May 6 10:36:22 node02 kernel: drbd0: self
CDCCE6A3D5BA3FFC:95905CADE9DCFB23:3CF9226F2C03C538:0000000000000004
May 6 10:36:22 node02 kernel: drbd0: peer
A6DAADF5FB98B6D0:95905CADE9DCFB23:3CF9226F2C03C538:0000000000000004
May 6 10:36:22 node02 kernel: drbd0: helper command: /sbin/drbdadm
split-brain
May 6 10:36:22 node02 kernel: drbd0: conn( WFReportParams ->
Disconnecting )
May 6 10:36:22 node02 kernel: drbd0: error receiving ReportState, l: 4!
May 6 10:36:22 node02 kernel: drbd0: asender terminated
May 6 10:36:22 node02 kernel: drbd0: Terminating asender thread
May 6 10:36:22 node02 kernel: drbd0: tl_clear()
May 6 10:36:22 node02 kernel: drbd0: Connection closed
May 6 10:36:22 node02 kernel: drbd0: conn( Disconnecting -> StandAlone )
May 6 10:36:22 node02 kernel: drbd0: receiver terminated
May 6 10:36:22 node02 kernel: drbd0: Terminating receiver thread
May 6 10:40:53 node02 kernel: drbd0: conn( StandAlone -> Unconnected )
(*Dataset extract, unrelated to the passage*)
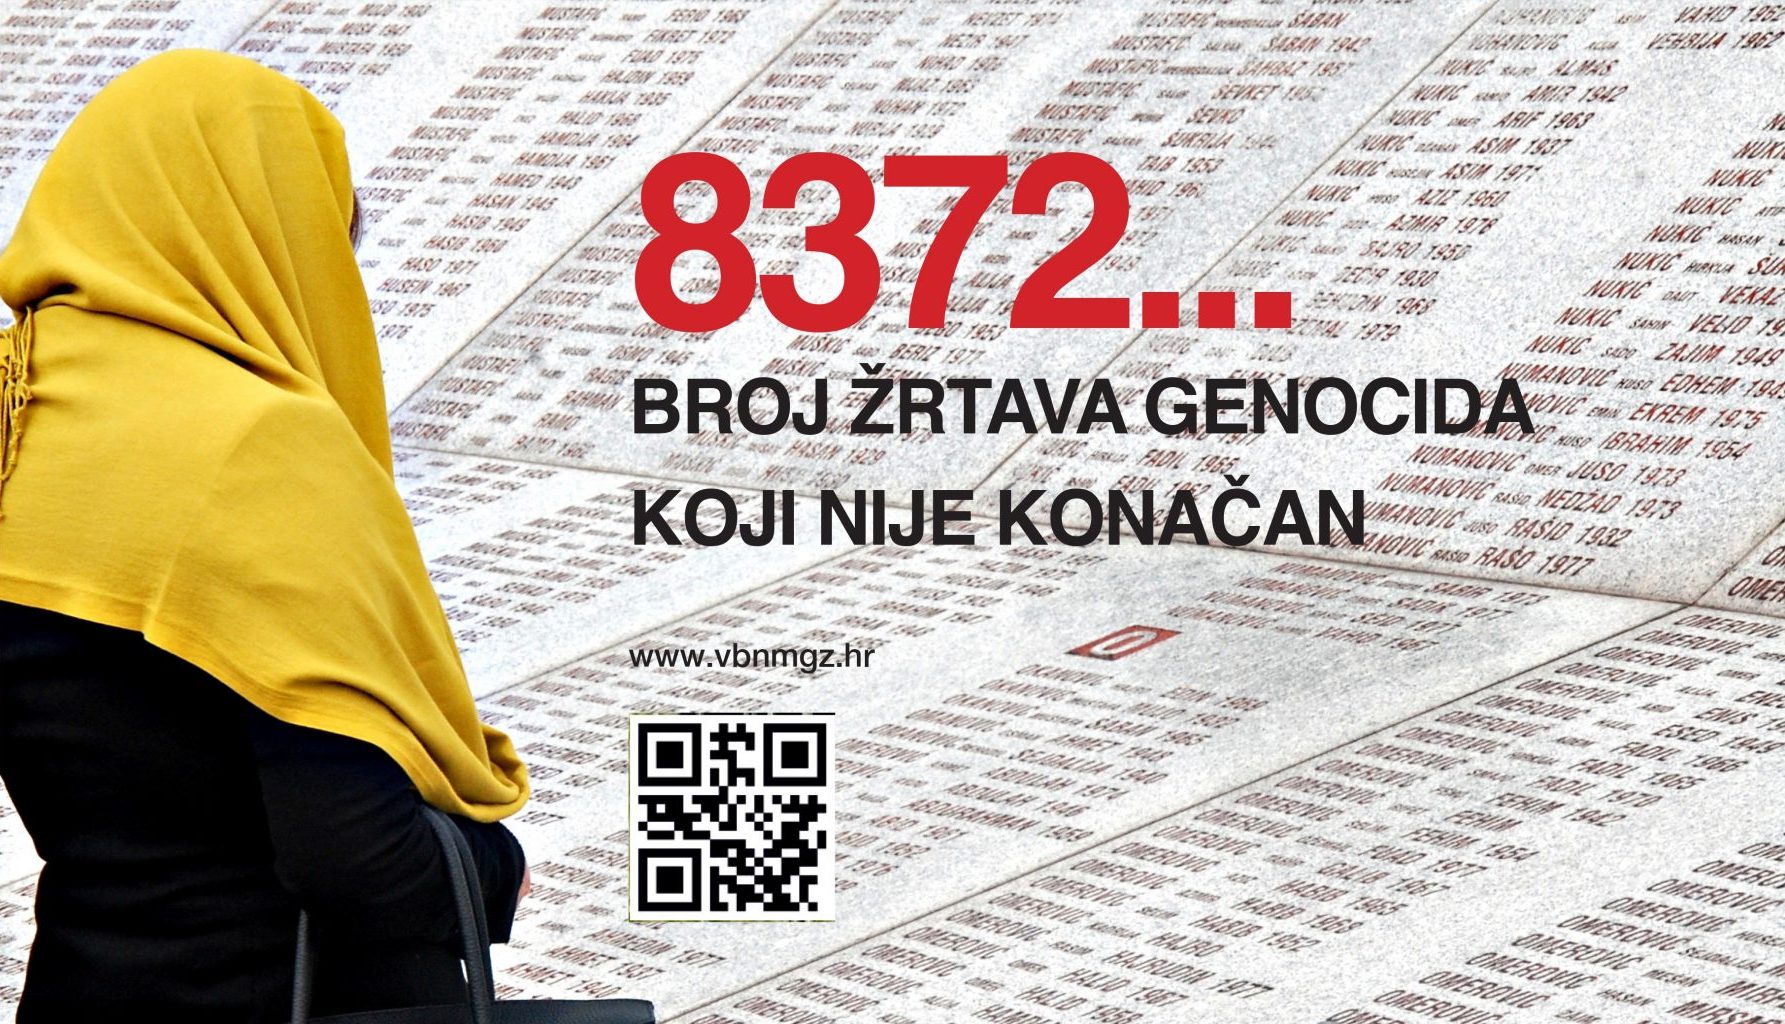 SREBRENICA 1995-2022: XVI. konvoj mladih Bošnjaka RH i njihovih prijatelja „DA SE NIKAD NE ZABORAVI“ i nagradni natječaj za najbolji literarni rad/esej i kratki videozapis na teme inspirirane tragedijom Srebrenice

May 6 10:40:53 node02 kernel: drbd0: Starting receiver thread (from
drbd0_worker [13338])
May 6 10:40:53 node02 kernel: drbd0: receiver (re)started
May 6 10:40:53 node02 kernel: drbd0: conn( Unconnected -> WFConnection )
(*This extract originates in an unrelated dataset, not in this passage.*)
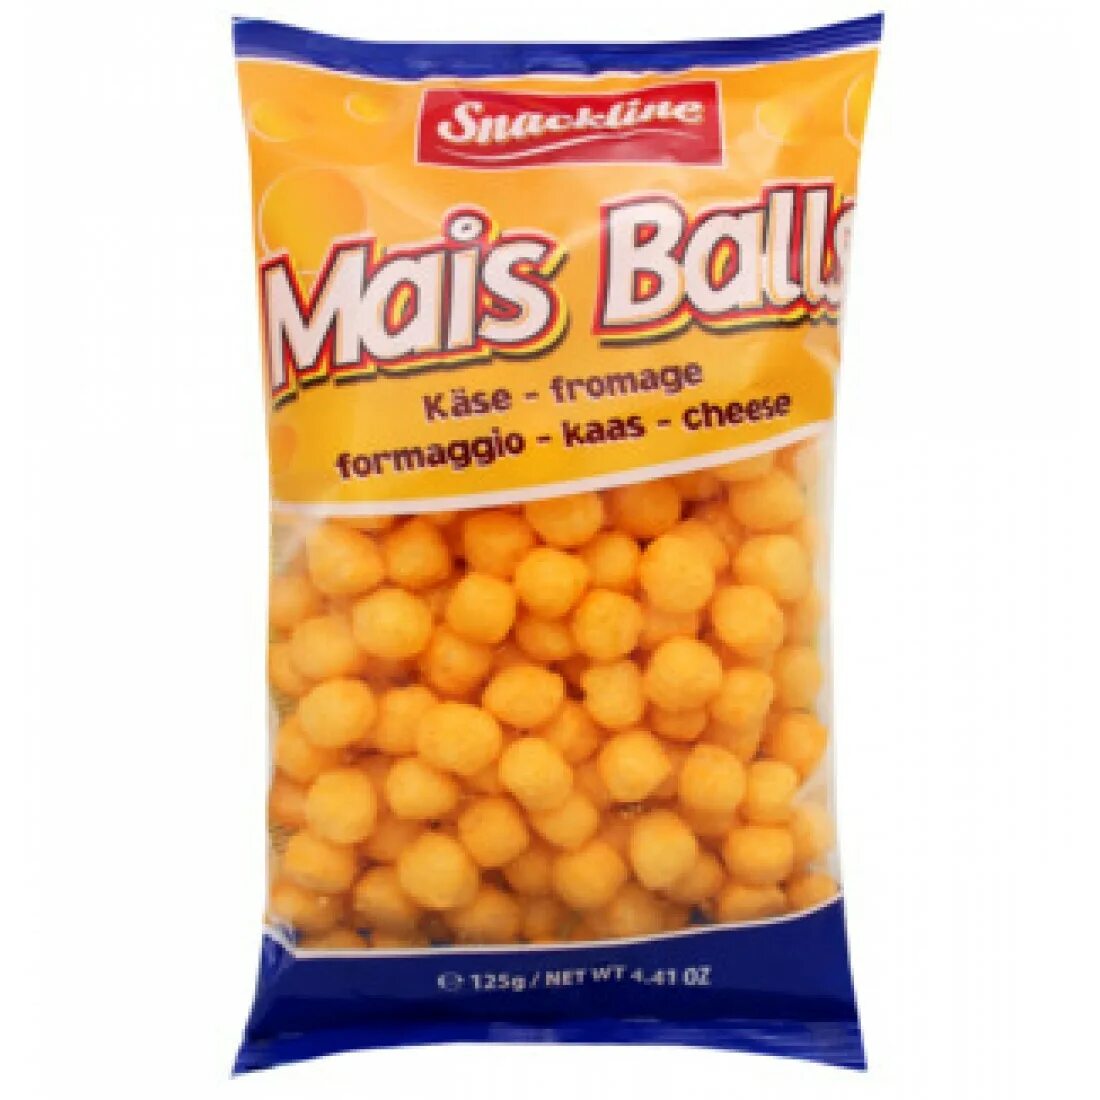 Шарики сыр ball. Кукурузные снэки Chees Ball. Сыр Ball кукурузные шарики. Сырные шарики Корн бол. Сырные шарики чипсы.

May 6 10:40:53 node02 kernel: drbd0: Handshake successful: Agreed
network protocol version 88
May 6 10:40:53 node02 kernel: drbd0: conn( WFConnection ->
WFReportParams )
May 6 10:40:53 node02 kernel: drbd0: Starting asender thread (from
drbd0_receiver [14123])
May 6 10:40:53 node02 kernel: drbd0: data-integrity-alg: <not-used>
May 6 10:40:53 node02 kernel: drbd0: Split-Brain detected, manually
solved. Sync from peer node
May 6 10:40:53 node02 kernel: drbd0: peer( Unknown -> Secondary ) conn(
WFReportParams -> WFBitMapT ) pdsk( DUnknown -> UpToDate )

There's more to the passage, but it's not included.